In previous times of crisis, said Denise Anderson, CEO of Health-ISAC, the healthcare sector realized how reliant it is on too few major suppliers. Those times includes non-cyber related circumstances, such as in the aftermath of Hurricane Maria in 2017 and when the coronavirus pandemic disrupted supply chains, she said.
But the Change Healthcare incident revealed the degree of reliance on major IT vendors – and the domino effect that can happen – at a scope not seen before.
“In many cases, organizations aren’t aware of the concentration risk of so many of the organizations relying on one vendor for a particular item or process,” she said.
“So, understanding the risks. Whether they are concentration, geographic or other is really important, and it takes a partnership between private sector and public sector to identify what those risks are and then how to address them.”

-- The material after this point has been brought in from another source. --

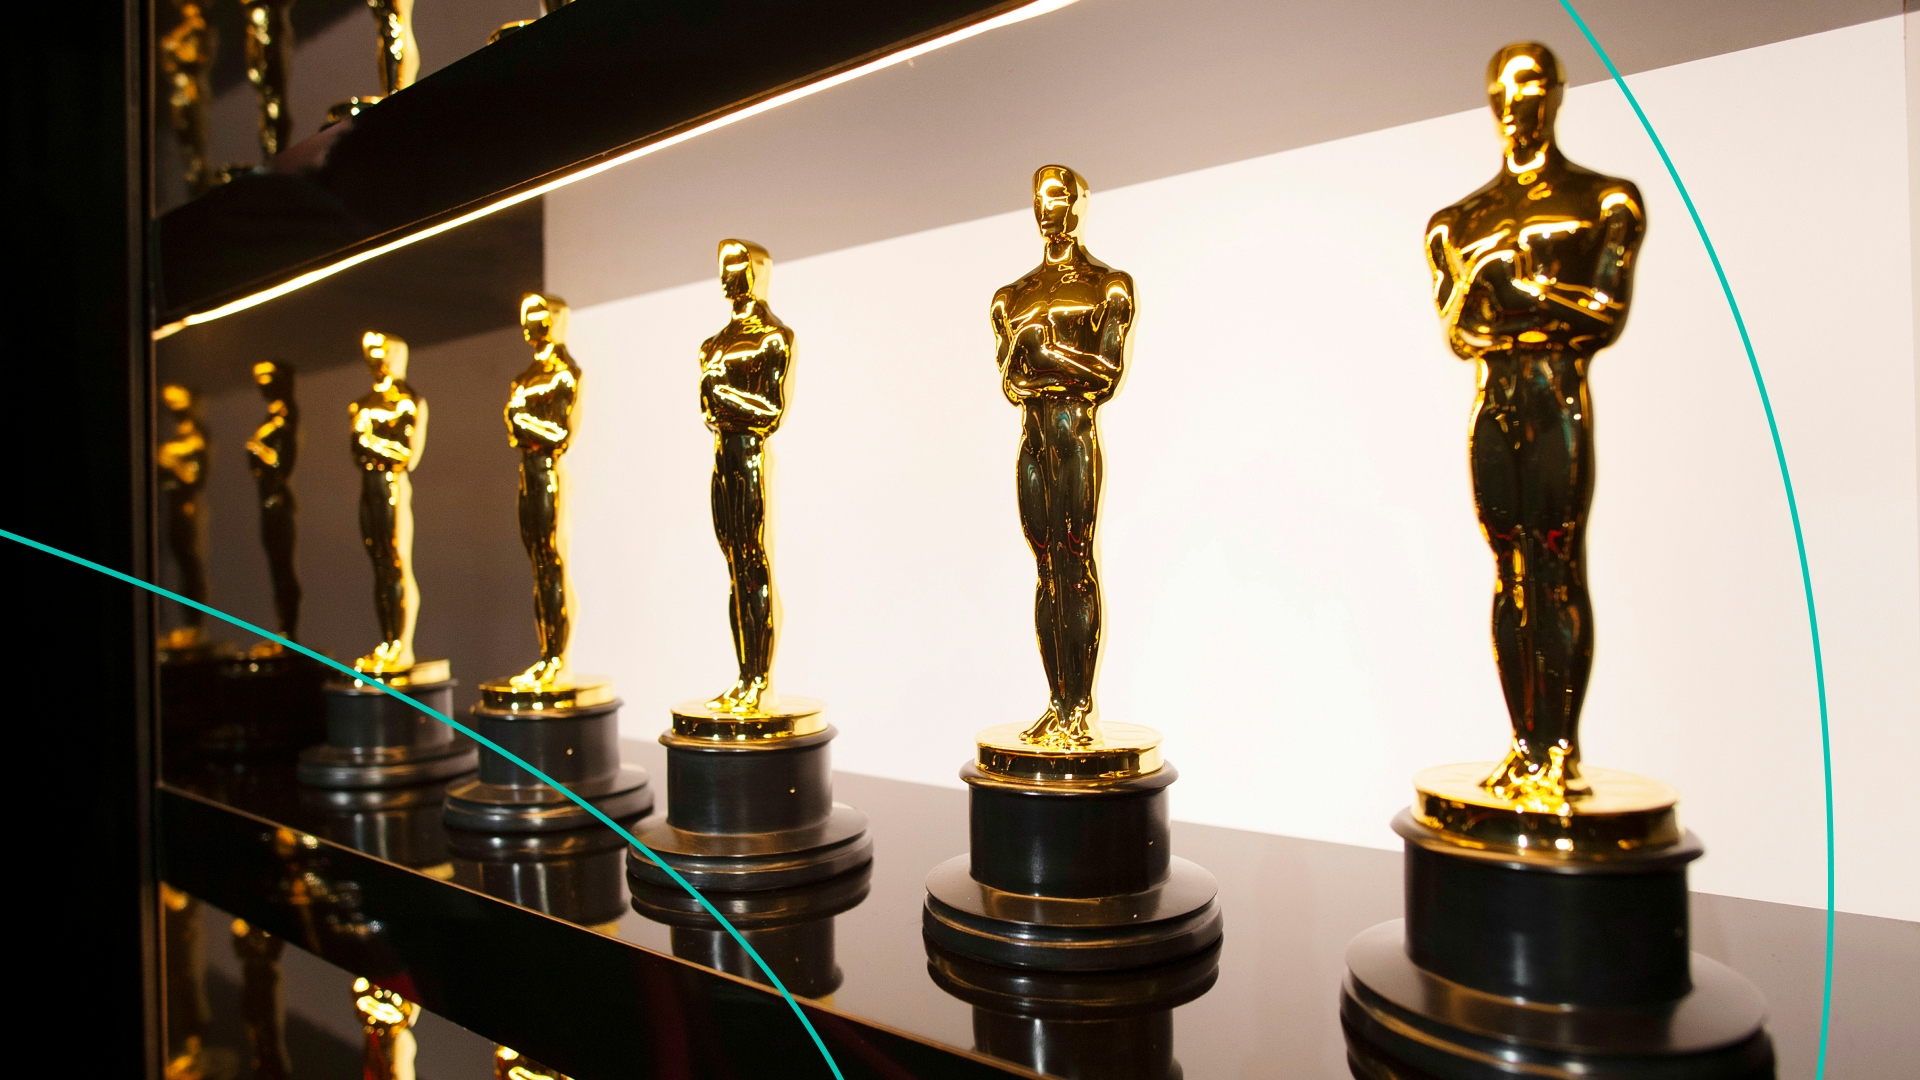 Oscars awards lined up on a shelf

In the video interview with ISMG, Anderson and Weiss also discuss:
- Health-ISAC’s activities, including its threat intelligence work and its new internship program for budding cyber professionals;
- How cyber information-sharing practices – and the obstacles to them – differ across the globe;
- Major attack vectors, vulnerabilities and scams that affect the healthcare sector;
- The cybersecurity challenges that smaller and under-resourced healthcare providers face;
- The Department of Health and Human Services’ cybersecurity performance goals for the healthcare sector.
Anderson chairs the National Council of ISACs. She also serves as a health sector representative to the National Cybersecurity and Communications Integration Center, which is a Department of Homeland Security-led coordinated watch and warning center. Anderson serves on the board of the Global Resilience Federation and is a member of the Cyber Future Foundation. Prior to Health-ISAC, she was vice president of Financial Services-ISAC.
Weiss has over 25 years of experience in information security. He began his career with the National Security Agency, conducting penetration tests of classified networks. He created and ran Citigroup’s Cyber Intelligence Center and was a senior vice president executive with Bank of America’s Global Information Security team.